Search Engine Usage in North America by Enquiro. (April 2004)
Google Gains Overall, Competition Builds Niches by Clickz Network(June 2004)
Search Marketing Benchmark Guide 2005-2006 by Marketing Sherpa (September 2005)
The first study has an interesting conclusion on SE usage and age:
We expected to see a trend in search engine usage according to age, but this wasn’t the case. High usage of Google was relatively consistent (at about 70%) and showed no specific trends. (Hotchkiss, Garrison, and Jensen, p 53.)However, I notice that only 4.4% of the 425 participants sampled were under 20 (p23). This is a very small sample. I'm not an expert in statistics, but 18.7 youngsters doesn't seem like a statistically significant sample, at least not enough refute my hypothesis. Although, it does cast a hint of doubt. Does this work for a larger sample?

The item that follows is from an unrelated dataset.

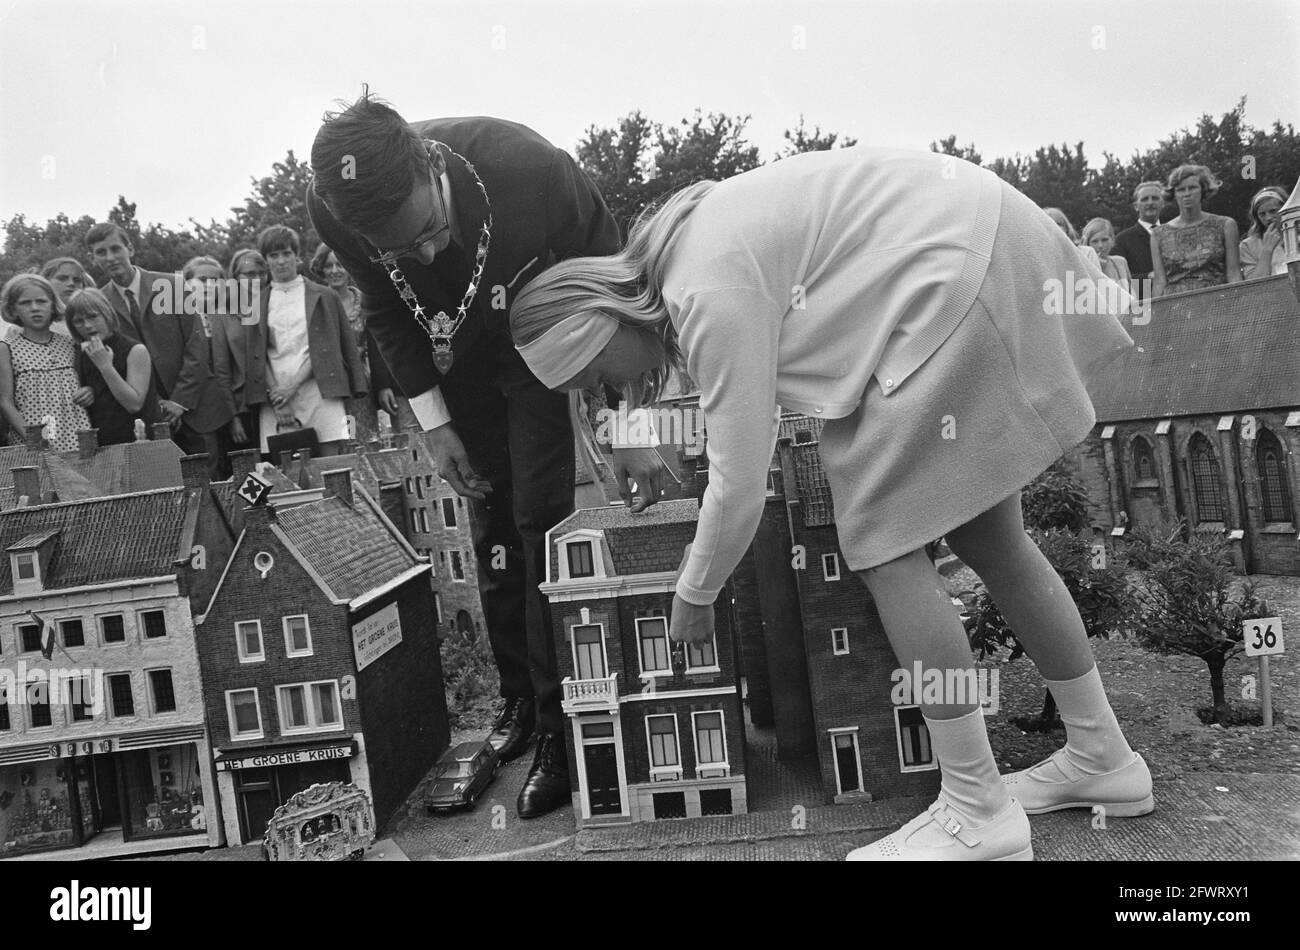 Princess Marie Astrid of Luxembourg opened Benelux exhibition at Madurodam. The Princess and of The Hague youth during a visit to Madurodam, June 14, 1968, Youth, visits, princesses, The Netherlands, 20th century press agency photo, news to remember, documentary, historic photography 1945-1990, visual stories, human history of the Twentieth Century, capturing moments in time Stock Photo

The second article, on Google Gains, is interesting because it claims that Yahoo has the largest share of the young audience: 48.23% vs. Google's 43.57% for users 18-34. This isn't that surprising, because this group really came onto the Internet at a time when Yahoo was a dominant player. This doesn't isolate the college group (18-22), the "Google Generation" from the pre-Google generation. In short, it doesn't really provide enough data to address the issue.
The last report could prove illuminating if someone has a copy. I would be interested in hearing what it has to say.
To my knowledge no one has studied, or at least not made public, a detailed look at search engine usage, loyalty, etc.. inthe younger generation: 13-23. If they did perhaps we could really validate whether or not this group really is the "Google Generation."